→ **Exercise objective**: Using the data below, print exactly the line with "experian-logo_0 copy.jpg", the line with "Estonian vs Spanish Median Female Earnings", and every line between them, but none of the pictures.

→ **Material supplied**:

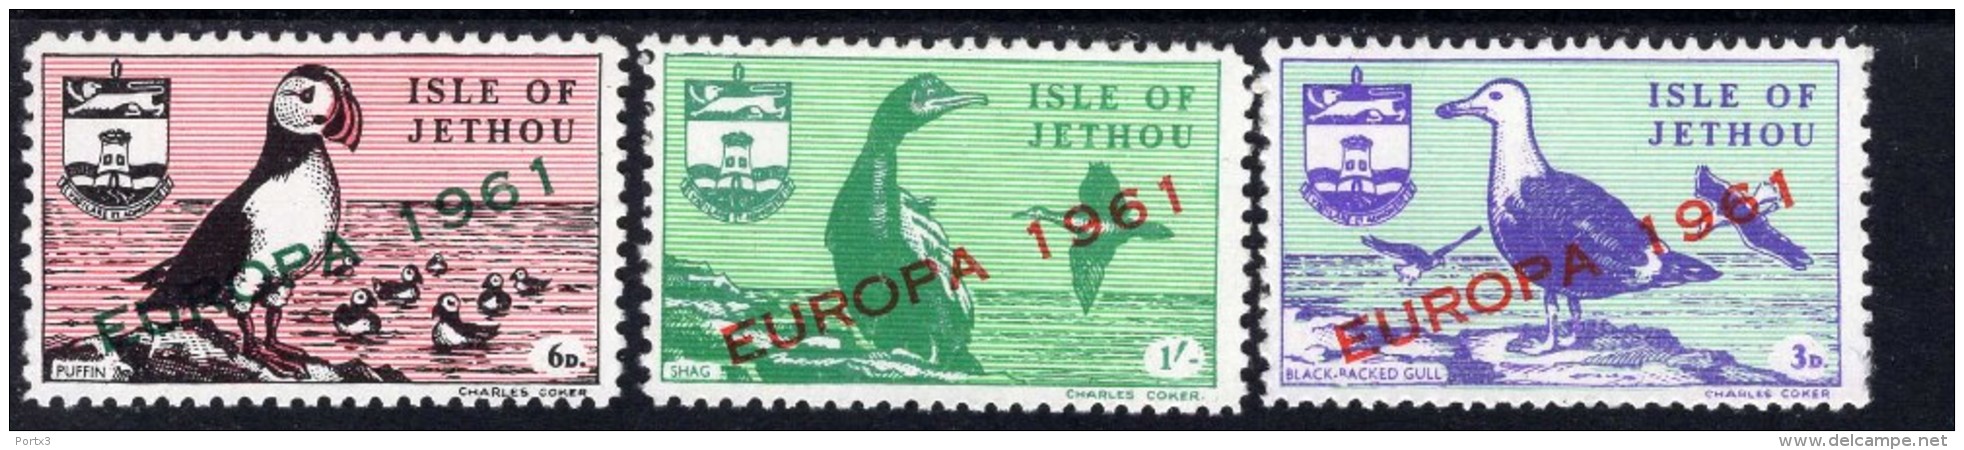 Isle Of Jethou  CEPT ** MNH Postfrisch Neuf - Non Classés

---

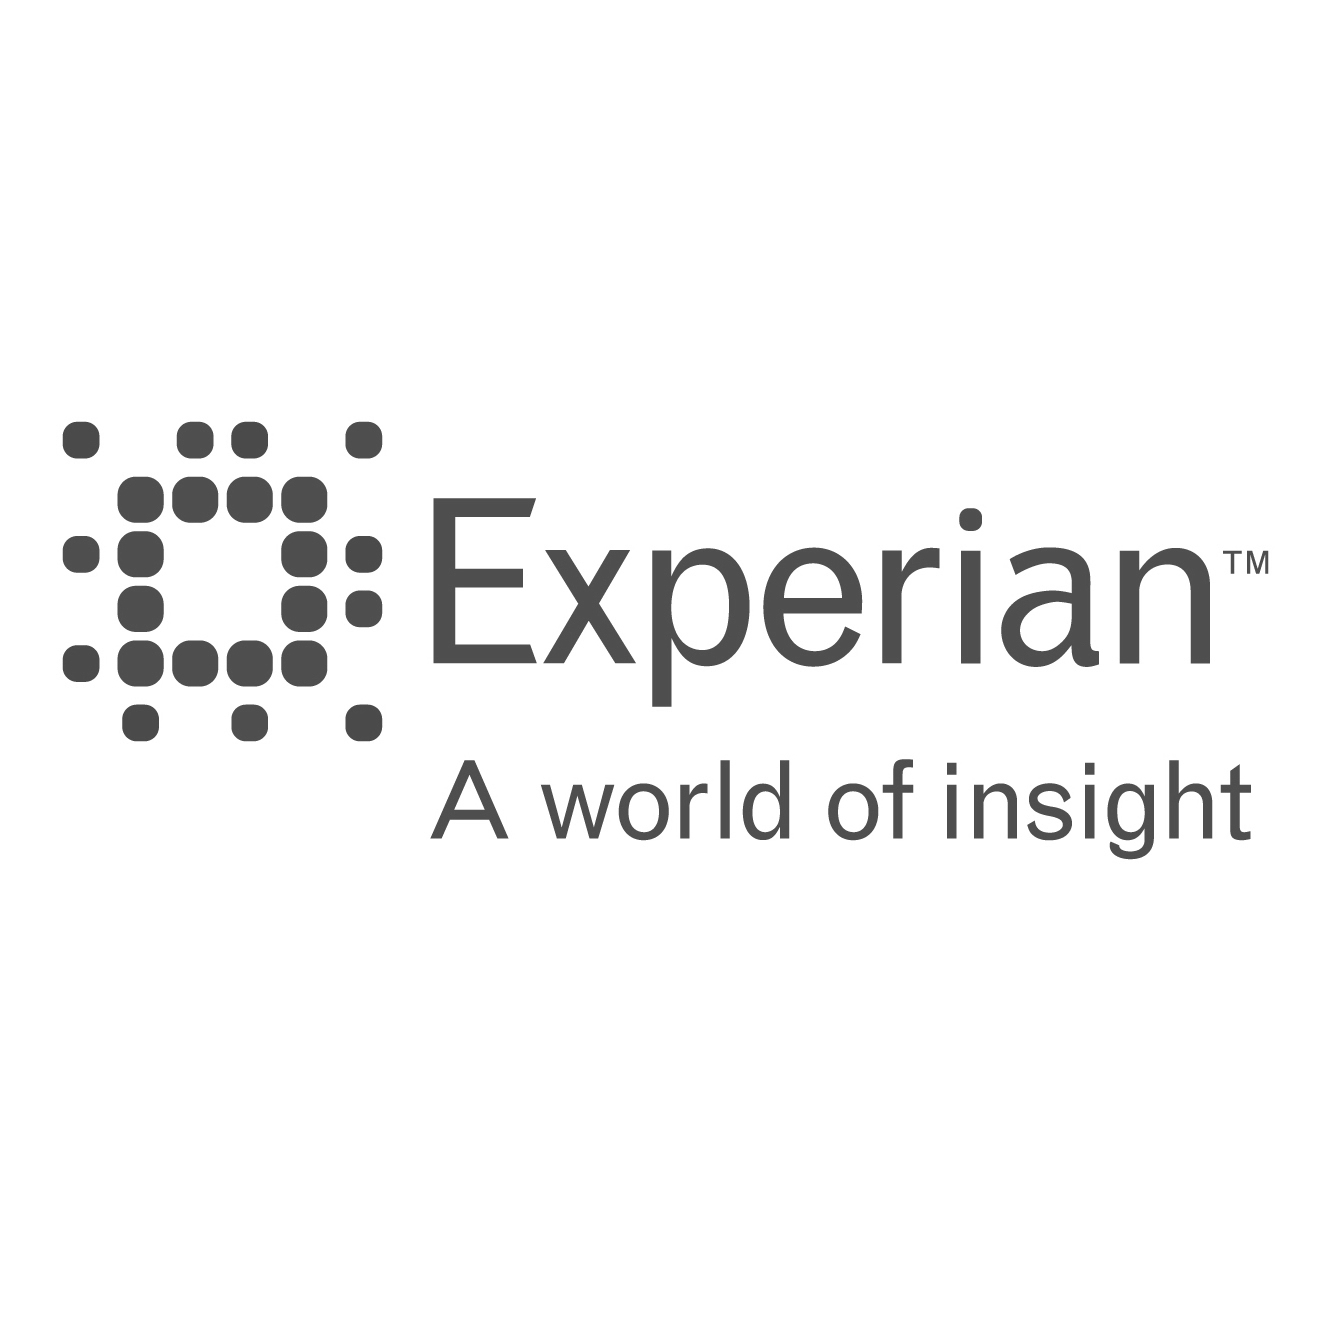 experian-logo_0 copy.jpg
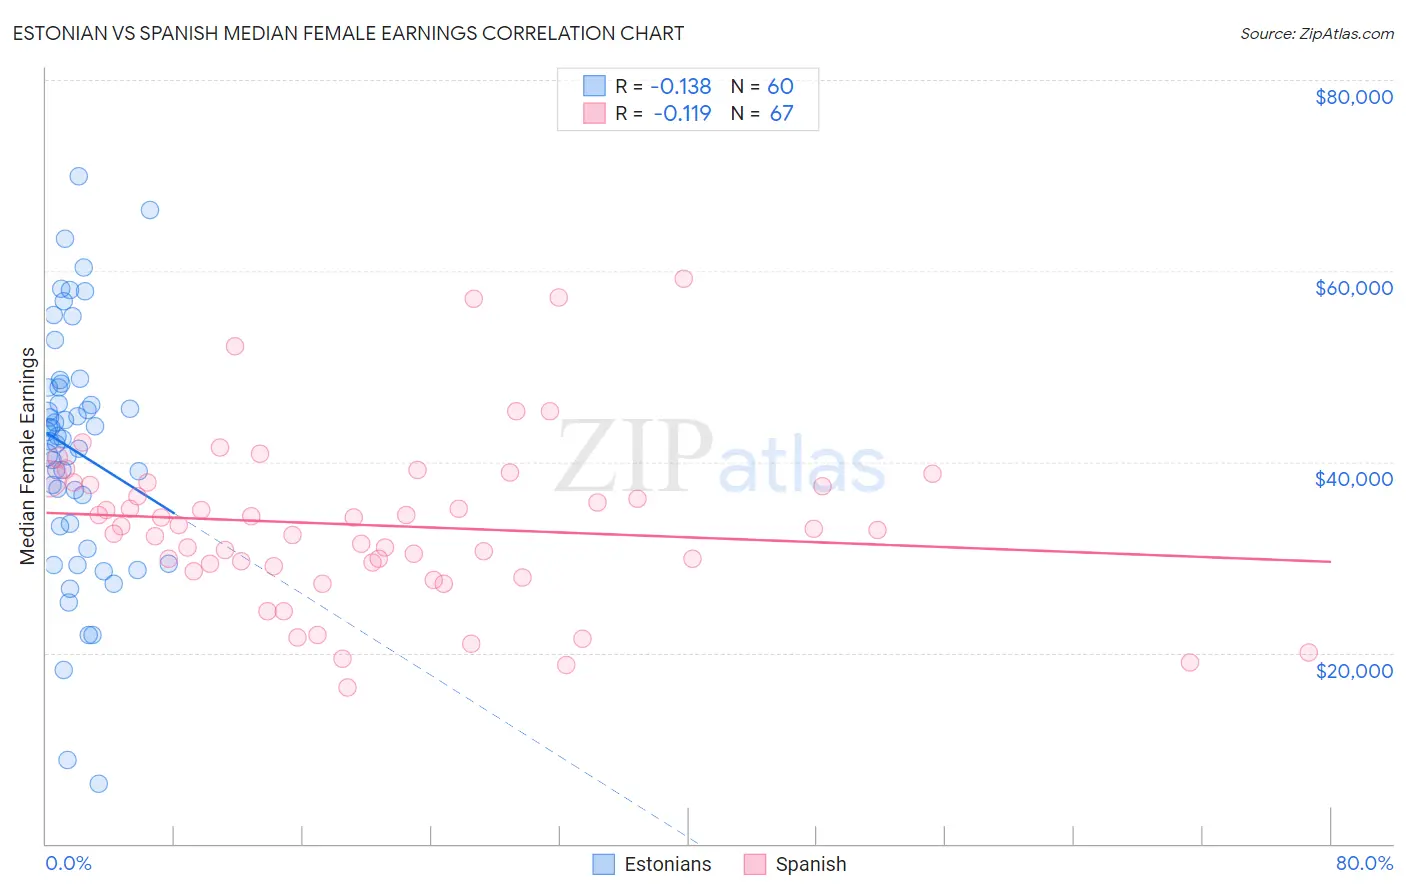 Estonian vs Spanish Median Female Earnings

→ **Exercise answer**:
 experian-logo_0 copy.jpg
 Estonian vs Spanish Median Female Earnings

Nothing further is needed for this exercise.